1. Initialize the spins: start with a random configuration. For example: ${\displaystyle L={\begin{bmatrix}+1&-1\\-1&+1\end{bmatrix}}}$
2. Calculate Initial Energy: For this configuration, each pair of neighboring spins contributes ${\displaystyle -JS_{i}S_{j}}$ to the energy. Calculate by summing these contributions: The pairs are ${\displaystyle (+1,-1),(-1,+1),(-1,+1),(+1,-1)}$, all of which contribute ${\displaystyle +1}$.  So, initial energy ${\displaystyle E=4}$.
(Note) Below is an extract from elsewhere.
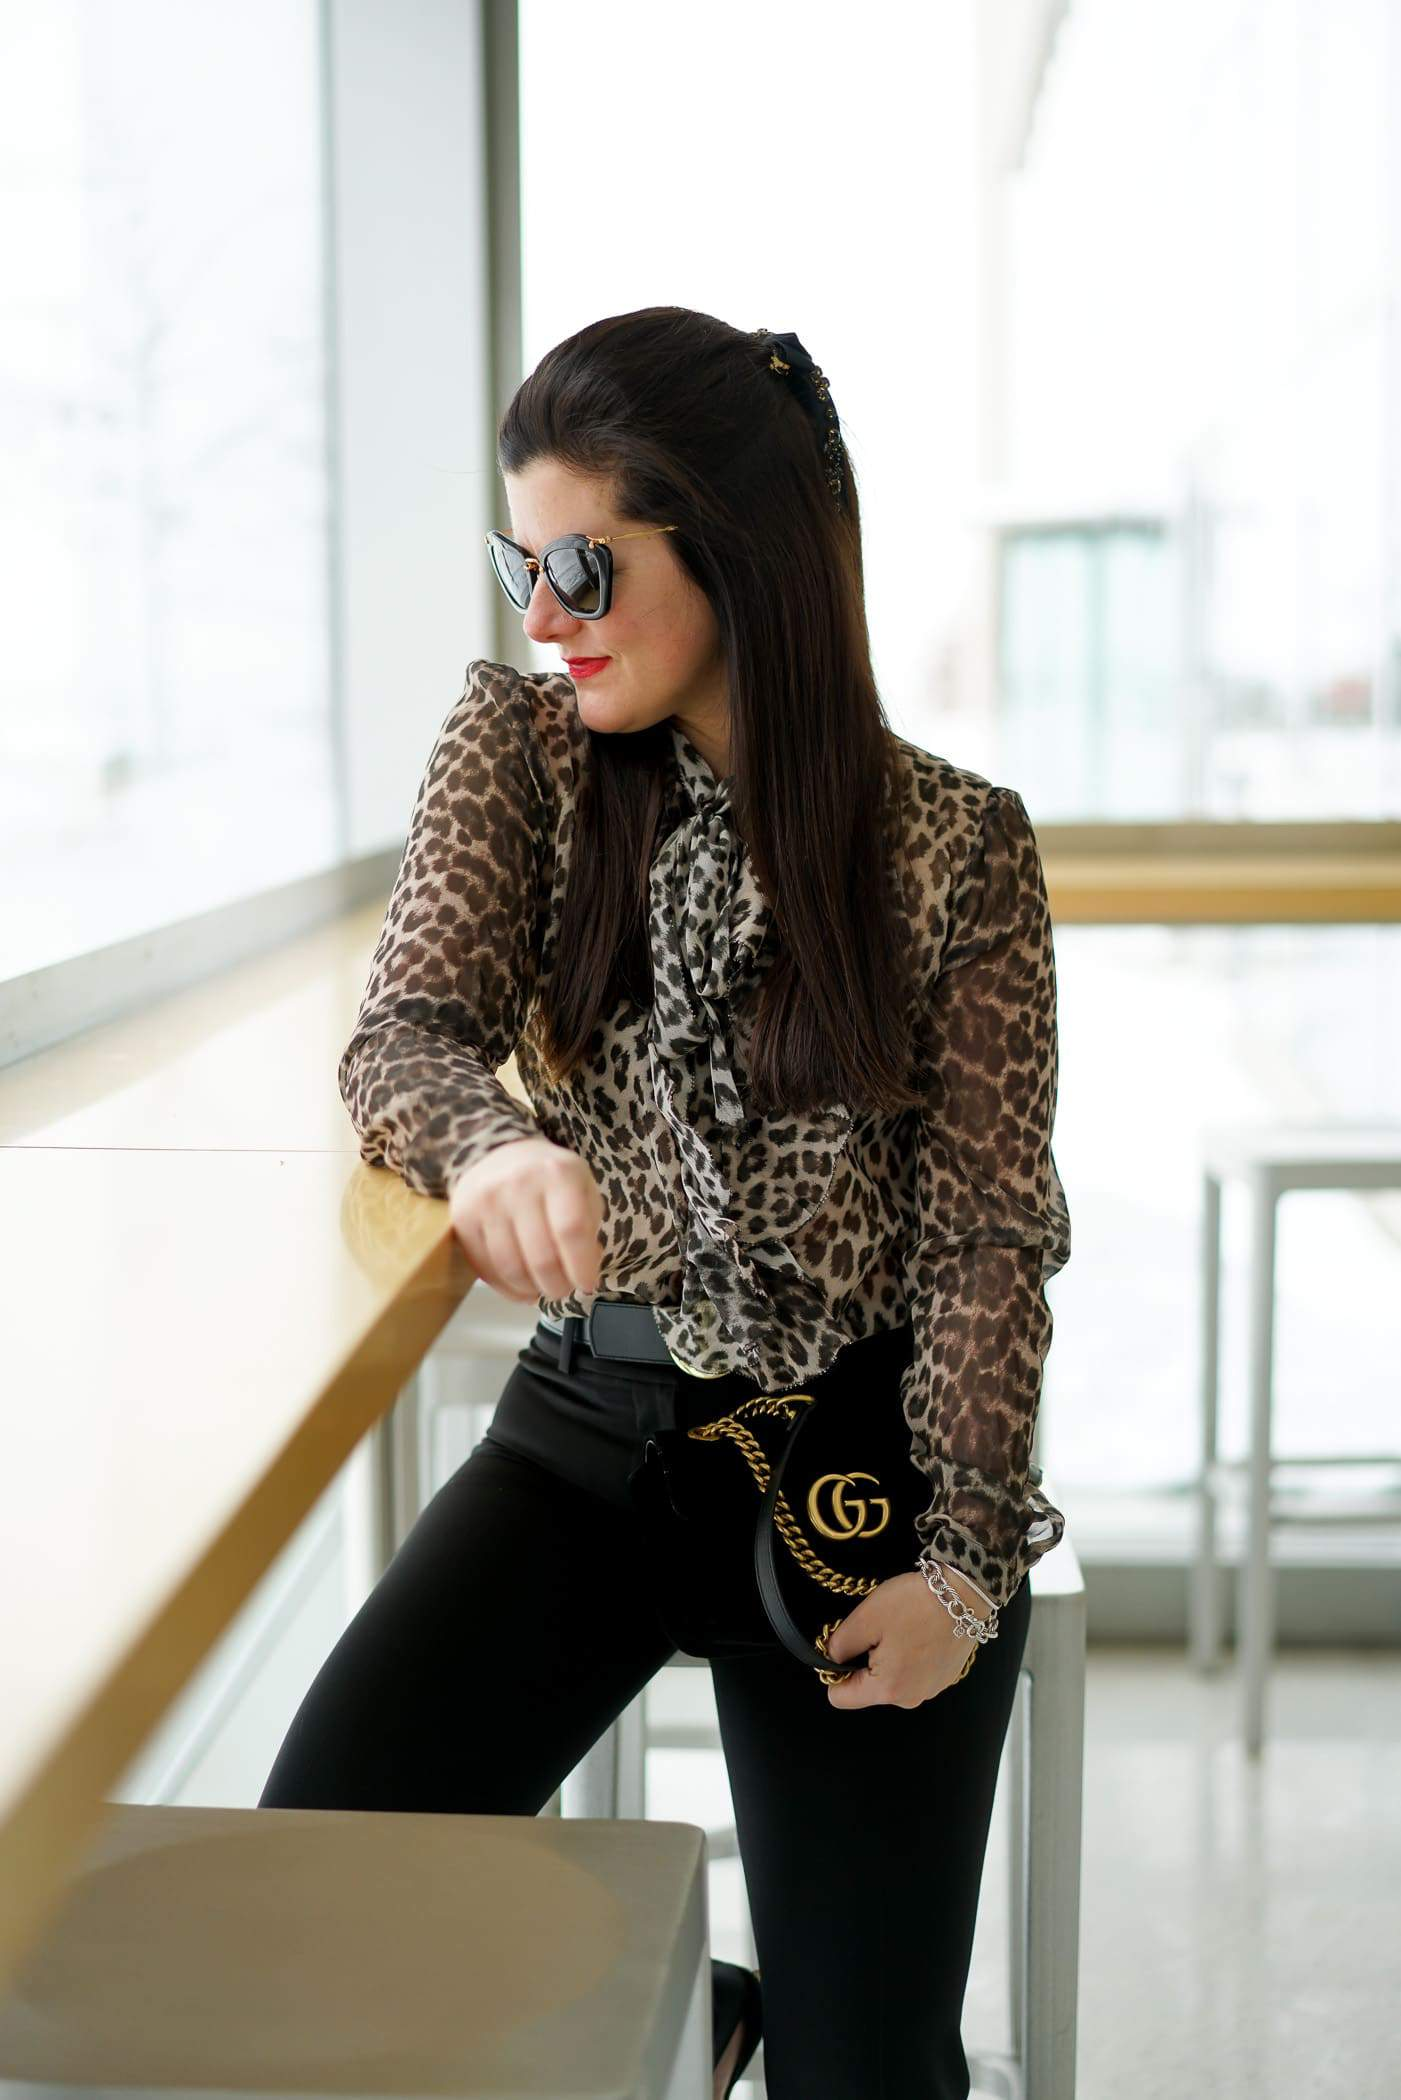 SILKNY LEOPARD BLOUSE, SILKNY faux fur coat, Gucci Marmont bag, Miu Miu sunglasses, Chicago Blogger, A Lily Love Affair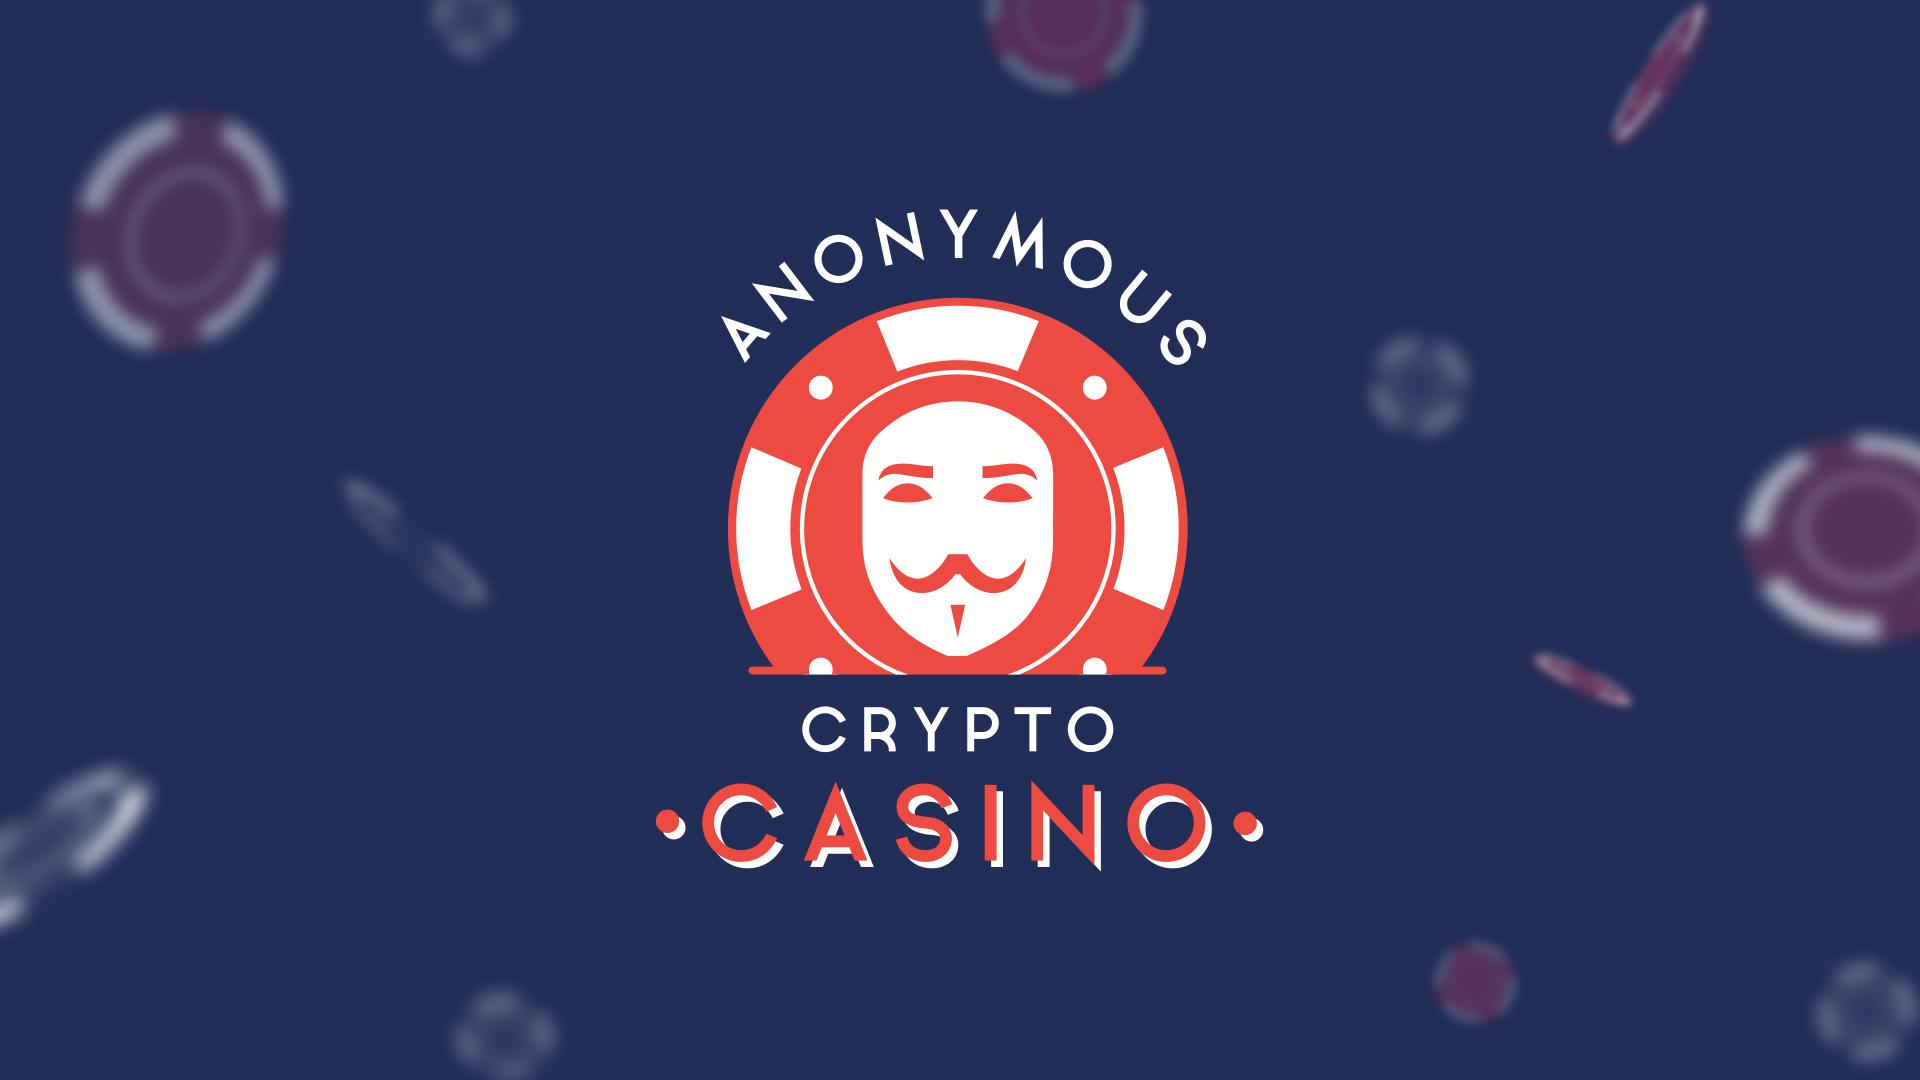 Grand bay casino no deposit bonus free spins

3. Neighboring Configurations: Select a random spin to flip. Suppose the spin in the top right corner is chosen, changing ${\displaystyle +1}$ to ${\displaystyle -1}$: ${\displaystyle {\text{New L}}={\begin{bmatrix}+1&+1\\-1&+1\end{bmatrix}}}$ Recalculate ${\displaystyle E}$ for the new configuration: Now, three pairs are aligned ${\displaystyle (+1,+1)}$ and contribute ${\displaystyle -1}$ each, while one pair ${\displaystyle (-1,+1)}$ contributes ${\displaystyle +1}$, so total energy ${\displaystyle E=-2}$.
4. Acceptance Decision: Calculate ${\displaystyle \Delta E=E_{\text{new}}-E_{\text{old}}=-2-4=-6}$. Since ${\displaystyle \Delta E<0}$, accept the new configuration.